Pardonnez moi, mais je vais te tutoyer.
Je ne connais pas ton nom, ton prénom, ni ton visage, alors je vais t’appeler La Maison, ce sera plus simple.

Depuis Août dernier on s’envoie des lettres sans vraiment se connaître, alors aujourd’hui j’ai décidé de briser l’ordre établi.
Voilà, je m’appel Stéphane Pascal et je ne suis pas que le client numéro 1227332.
Je suis moniteur d’auto école. J’ai trois enfants de moins de trois ans et, comme toi, j’ai des moments de joie et des peines.
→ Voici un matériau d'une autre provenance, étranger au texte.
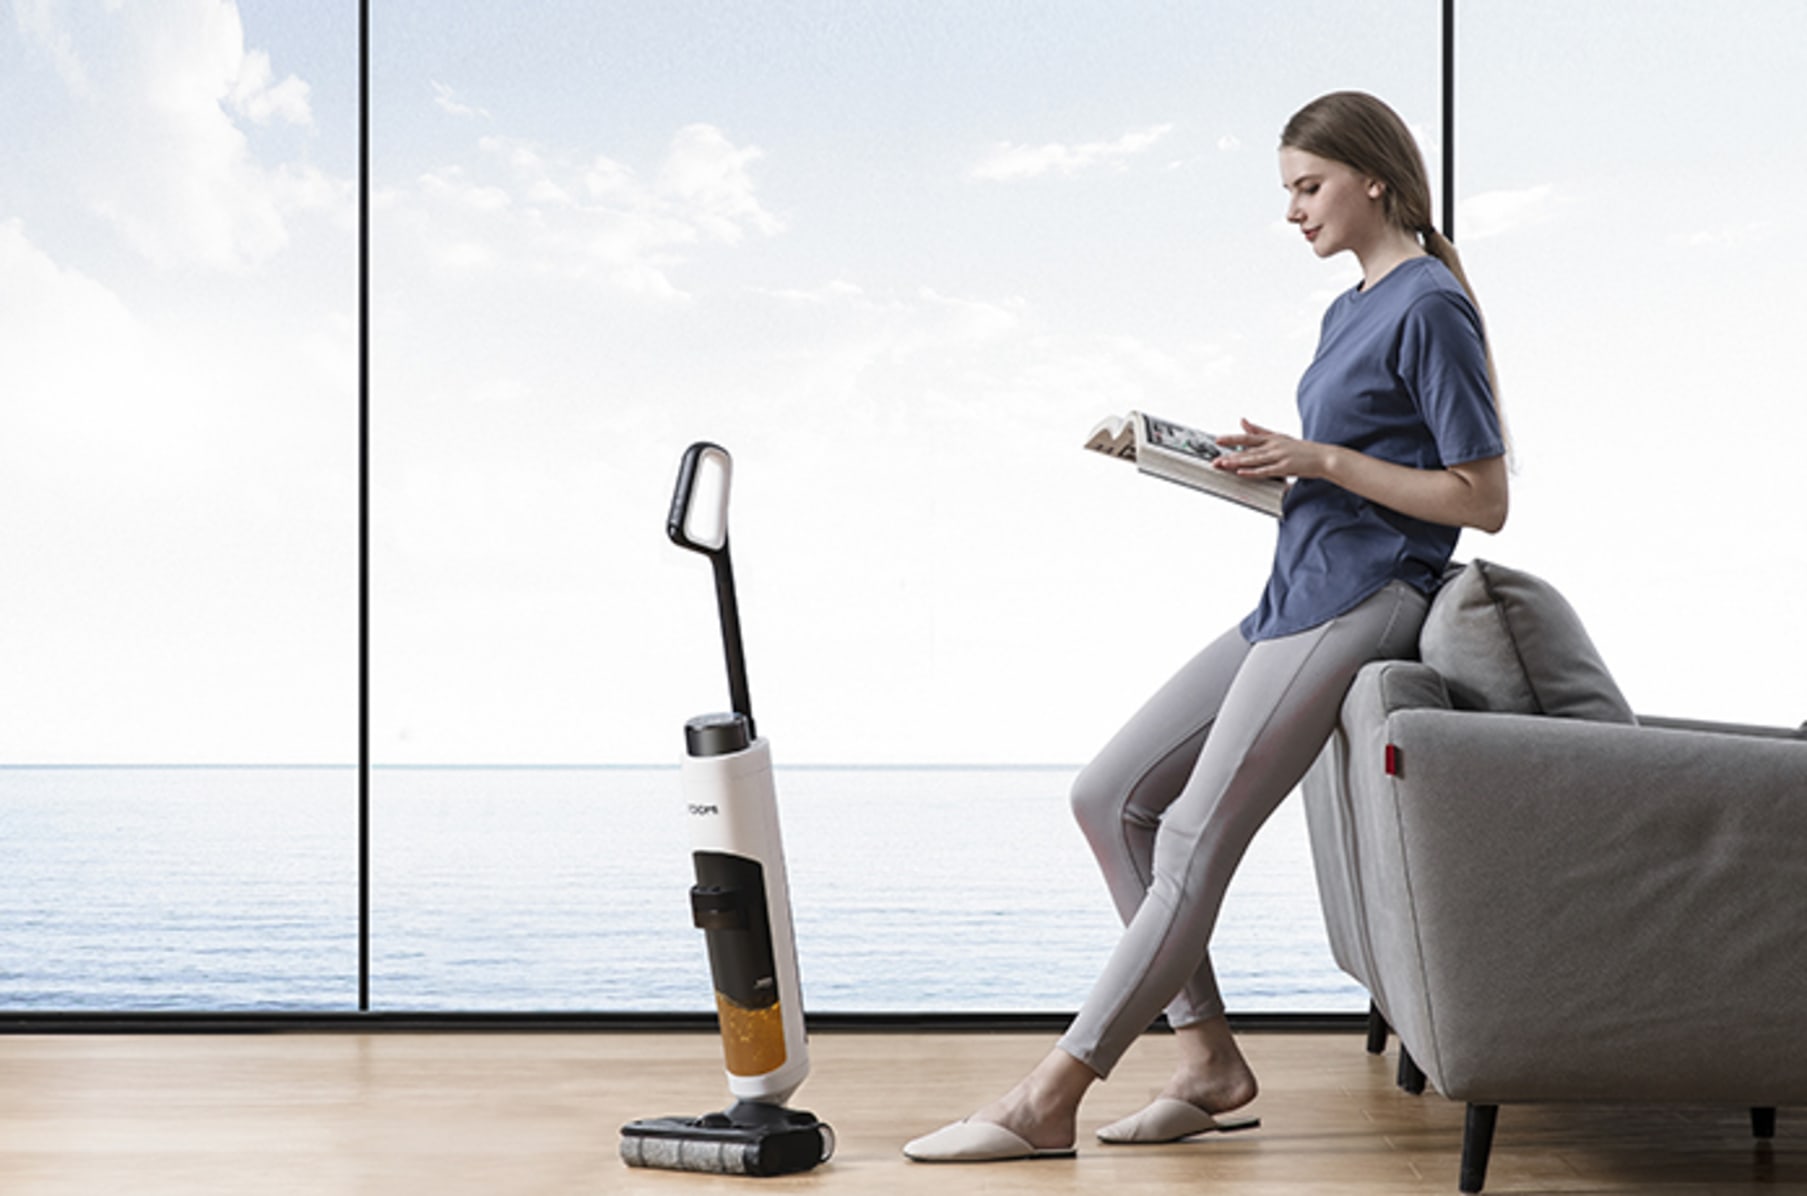 Review: This All-in-One Wet Dry Vacuum (Almost) Makes Cleaning Fun

Toi et moi nous avons un point commun, nous aimons tous les deux la broderie. C’est d’ailleur comme ça que nous nous somme rencontrés.
Le 10 Juillet dernier je t’ai passé une commande d’un montant de 123,30 euros, et depuis tu n’as cessée de m’envoyer des mails et des courriers par la poste. Et même si je ne te répond que rarement, je les lis tous avec envie.
Alors oui, je ne te cache pas que je ne t’ai pas toujours été fidèle. J’ai acheté du matériel de broderie sur un autre site, une fois, dans des merceries de quartier, à deux reprises, et mainte fois dans des magasins plus grand tel que Mondial Tissus ou même Cultura.
Mais malgré ça je continue de te lire. Chaque fois.

Pourquoi ne pas avoir continué à passer des commandes chez toi ? Je dois bien admettre que tes frais de port son un frein à établir une relation plus sérieuse entre nous. Car rarement le besoin d’acquérir pour 69 euros de marchandise ne se présente à moi.

Mais si je t’écris aujourd’hui, La Maison, ce n’est pas concernant des achats, mais plutôt ce petit jeu qui se joue entre nous.

Tu l’auras sans doute remarquée, mais je suis un homme.
Du moins c’est ce qu’indique ma carte nationale d’identité, et pour renforcer cela je porte la barbe.
Malgré le fait que parfois j’applique une lotion sur cette barbe pour la rendre plus douce, ceci ne me retire pas ce statut d’homme, j’ai vérifié.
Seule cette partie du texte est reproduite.